Please, help me. is this a library issue?
Hi Blacky-i,
auto ret = clGetPlatformIDs(0, NULL, &numberPlatform);
I have also tried to run example code in clBLAS library. i am getting same issue.
Rebuilded clBLAS library from scratch. Also doesn't help.
Notebook ASUS UX32VD. Nvidia 620M. CUDA 8.0
I dont see that line in the sourcecode you provide at https://github.com/hughperkins/DeepCL/issues/94#issuecomment-248586455 ? Alternatively, if you're in gdb, can you type bt
, and paste the entire output please?
I am sorry, I was rushing. When i got clBLASNotInitializedException
I tried to initialize it manually. That is why i mentioned auto ret = clGetPlatformIDs(0, NULL, &numberPlatform);
Backtrace of running sourcecode at #94 (comment):
Thread 1 "CNN" received signal SIGABRT, Aborted.
0x00007ffff55f5418 in __GI_raise (sig=sig@entry=6)
at ../sysdeps/unix/sysv/linux/raise.c:54
54 ../sysdeps/unix/sysv/linux/raise.c: Нет такого файла или каталога.
(gdb) bt
#0 0x00007ffff55f5418 in __GI_raise (sig=sig@entry=6)
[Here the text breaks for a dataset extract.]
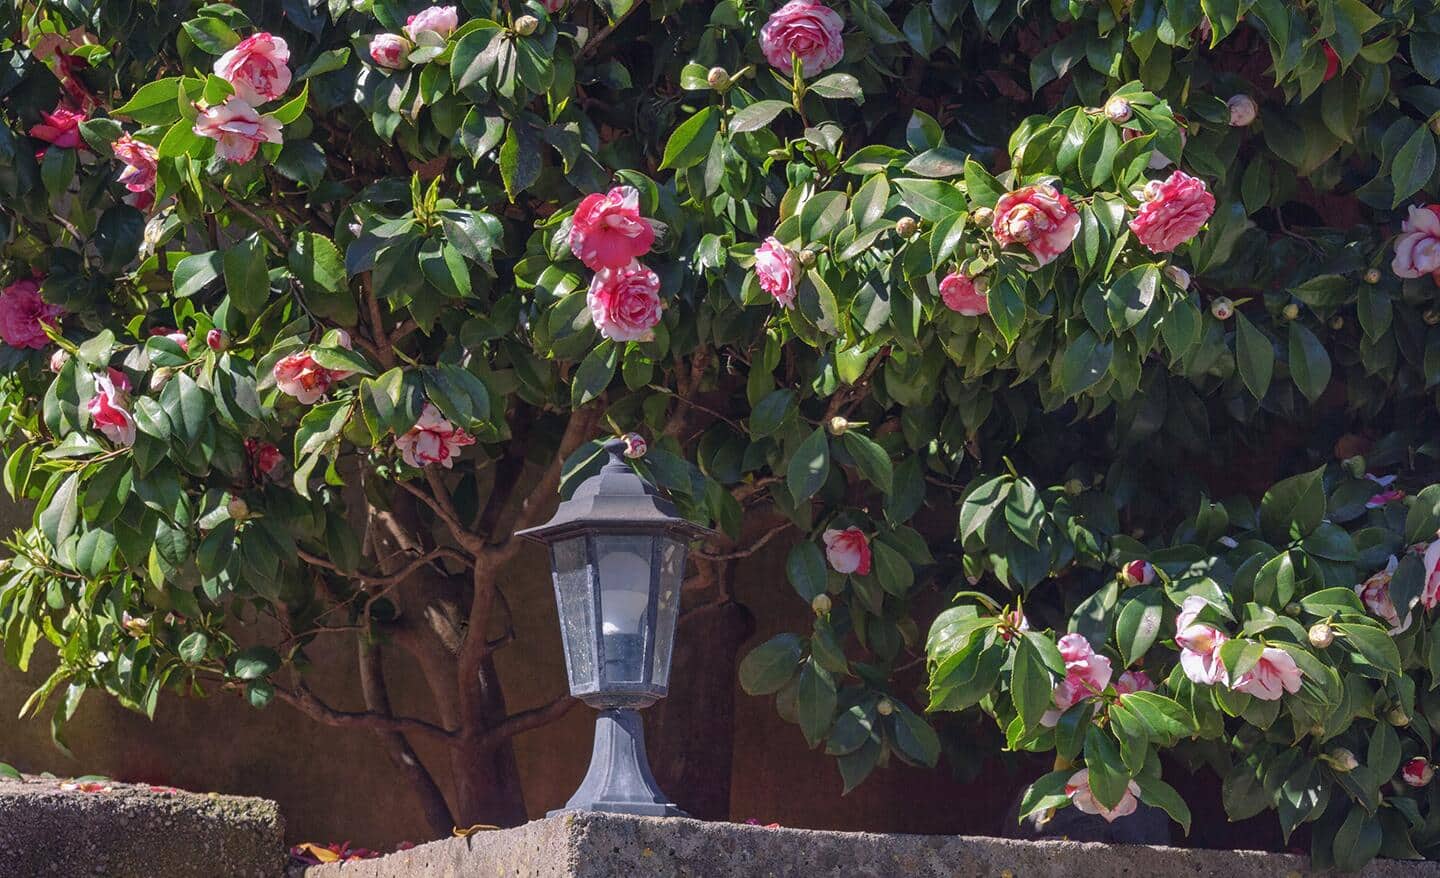 Camellia shrub with pink flowers in a garden

at ../sysdeps/unix/sysv/linux/raise.c:54
#1 0x00007ffff55f701a in __GI_abort () at abort.c:89
#2 0x00007ffff5c2e84d in __gnu_cxx::__verbose_terminate_handler() ()
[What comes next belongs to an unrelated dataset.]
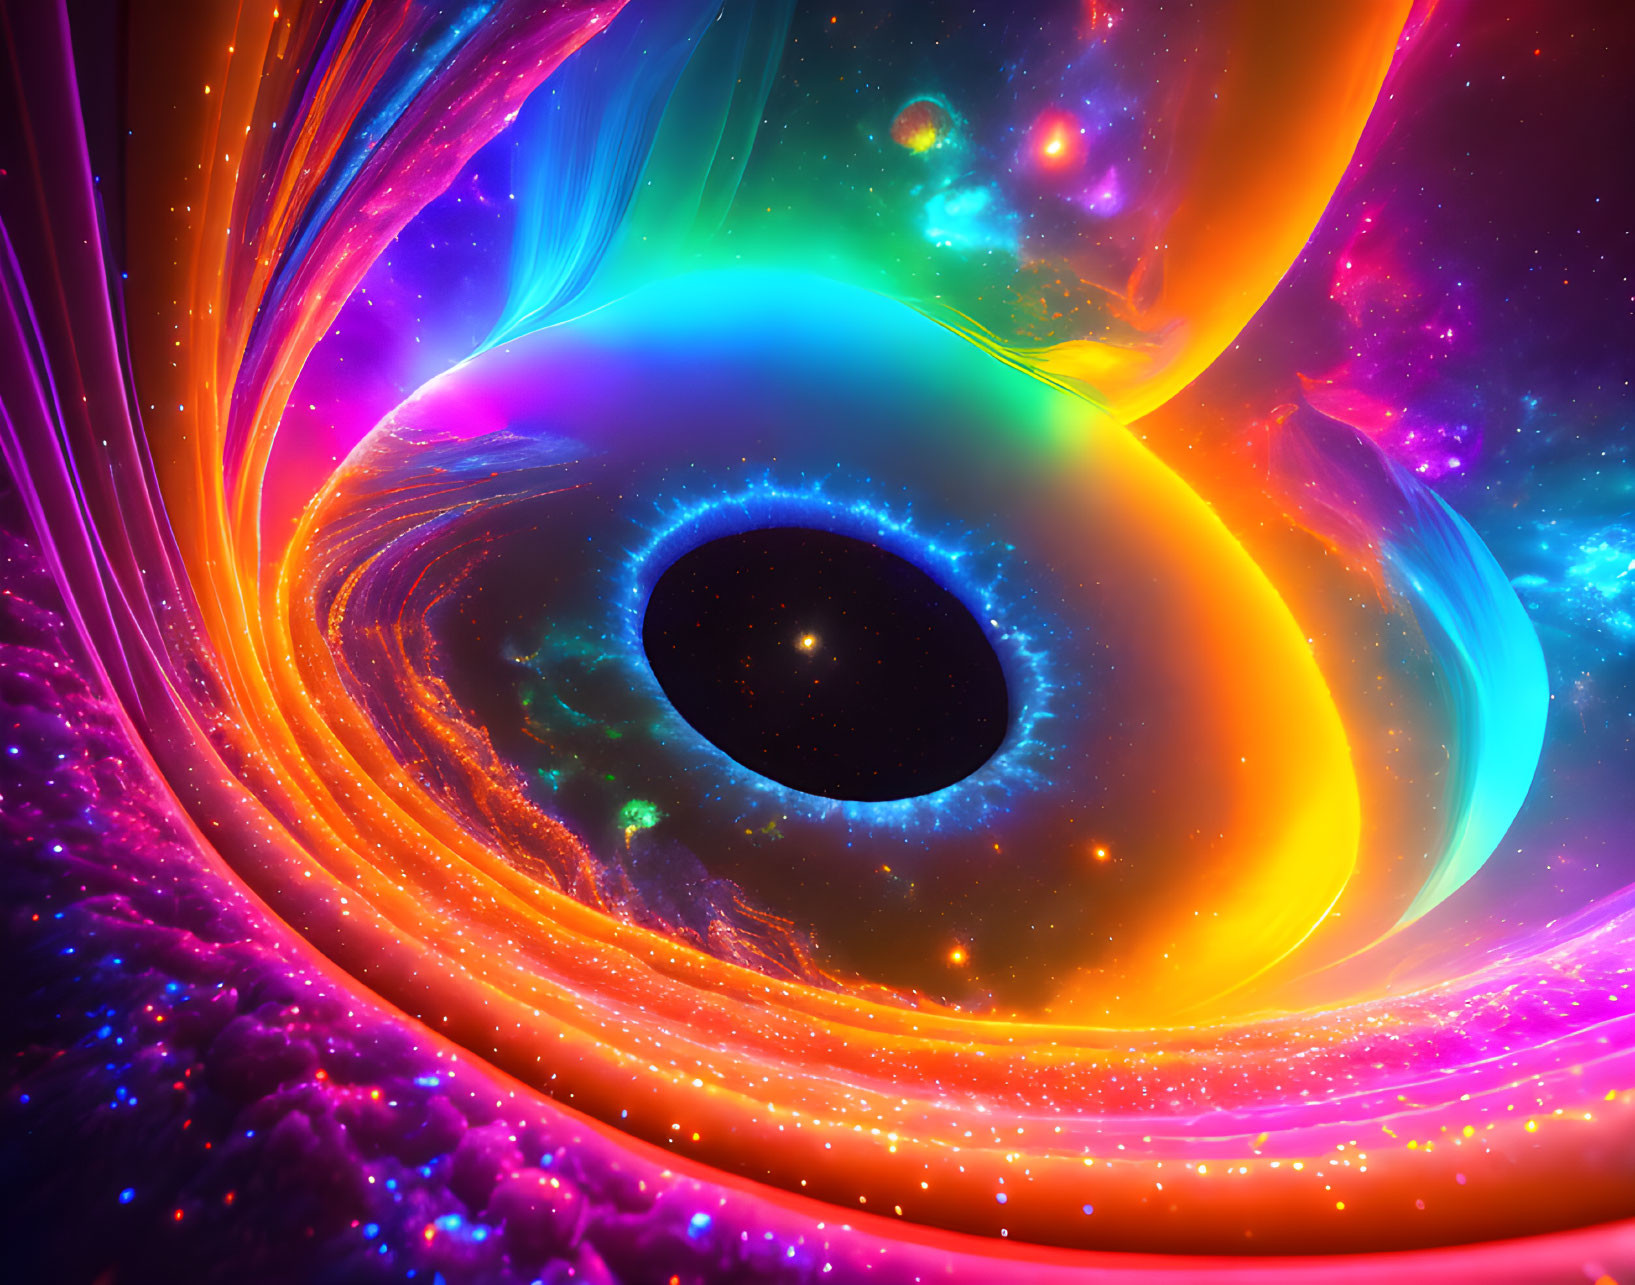 Colorful digital artwork: Black hole with cosmic nebulae in star-filled universe

from /usr/lib/x86_64-linux-gnu/libstdc++.so.6
#3 0x00007ffff5c2c6b6 in ?? () from /usr/lib/x86_64-linux-gnu/libstdc++.so.6
#4 0x00007ffff5c2c701 in std::terminate() ()
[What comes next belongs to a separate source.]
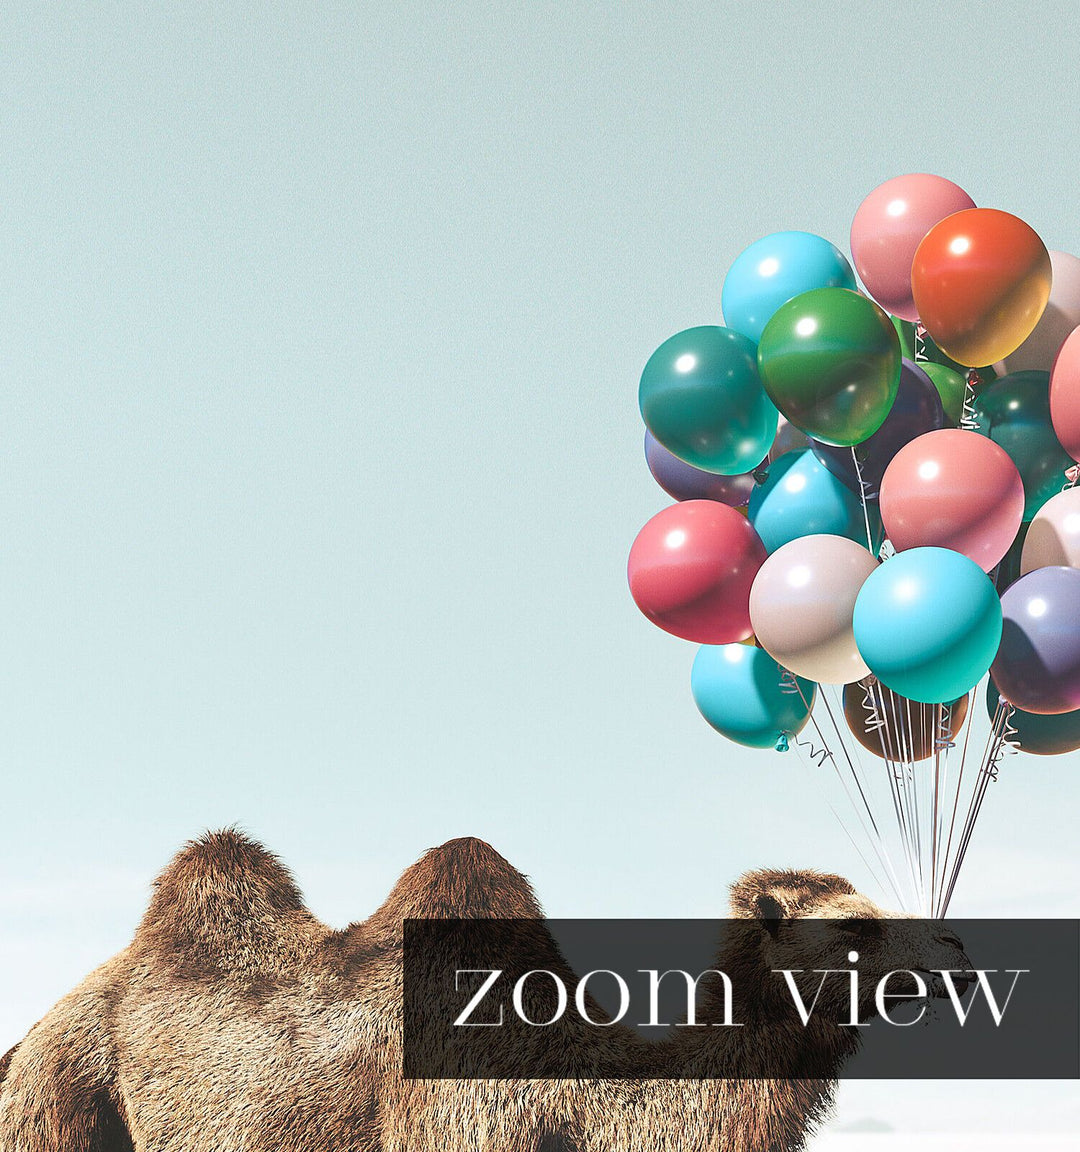 Camel with Balloons

from /usr/lib/x86_64-linux-gnu/libstdc++.so.6
#5 0x00007ffff5c2c919 in __cxa_throw ()
from /usr/lib/x86_64-linux-gnu/libstdc++.so.6
#6 0x00007ffff7b5a136 in ClBlasHelper::Gemm (cl=0x627720,
order=order@entry=clblasColumnMajor, aTrans=aTrans@entry=clblasNoTrans,
bTrans=bTrans@entry=clblasTrans, m=<optimized out>, k=<optimized out>,
n=150, alpha=alpha@entry=1, AWrapper=0x99be40, aOffset=0,
BWrapper=0x931610, bOffset=0, beta=beta@entry=0, CWrapper=0xc09960,
cOffset=0)
at /home/bitummon/Projects/Qt/DeepCL/src/clblas/ClBlasHelper.cpp:40
#7 0x00007ffff7b69e33 in BackwardIm2Col::backward (this=0xc09e00,
batchSize=1, inputDataWrapper=<optimized out>, gradOutputWrapper=0x99be40,
weightsWrapper=0x931610, gradInputWrapper=0x99b630)
at /home/bitummon/Projects/Qt/DeepCL/src/conv/BackwardIm2Col.cpp:64
#8 0x00007ffff7b69392 in BackwardAuto::backward (this=0x931520,
batchSize=<optimized out>, inputDataWrapper=<optimized out>,
---Type <return> to continue, or q <return> to quit---
gradOutput=<optimized out>, weightsWrapper=<optimized out>,
gradInput=<optimized out>)
at /home/bitummon/Projects/Qt/DeepCL/src/conv/BackwardAuto.cpp:70
#9 0x00007ffff7b72143 in ConvolutionalLayer::backward (this=0x946cf0)
at /home/bitummon/Projects/Qt/DeepCL/src/conv/ConvolutionalLayer.cpp:434
#10 0x00007ffff7b8bd6b in NeuralNet::backward (this=this@entry=0x866b10,
outputData=outputData@entry=0x7fffffdd7f70)
at /home/bitummon/Projects/Qt/DeepCL/src/net/NeuralNet.cpp:233
#11 0x00007ffff7b9b997 in SGD::trainNet (this=0x96ab20, net=0x866b10,
context=<optimized out>, input=0x7fffffdd80c0, outputData=0x7fffffdd7f70)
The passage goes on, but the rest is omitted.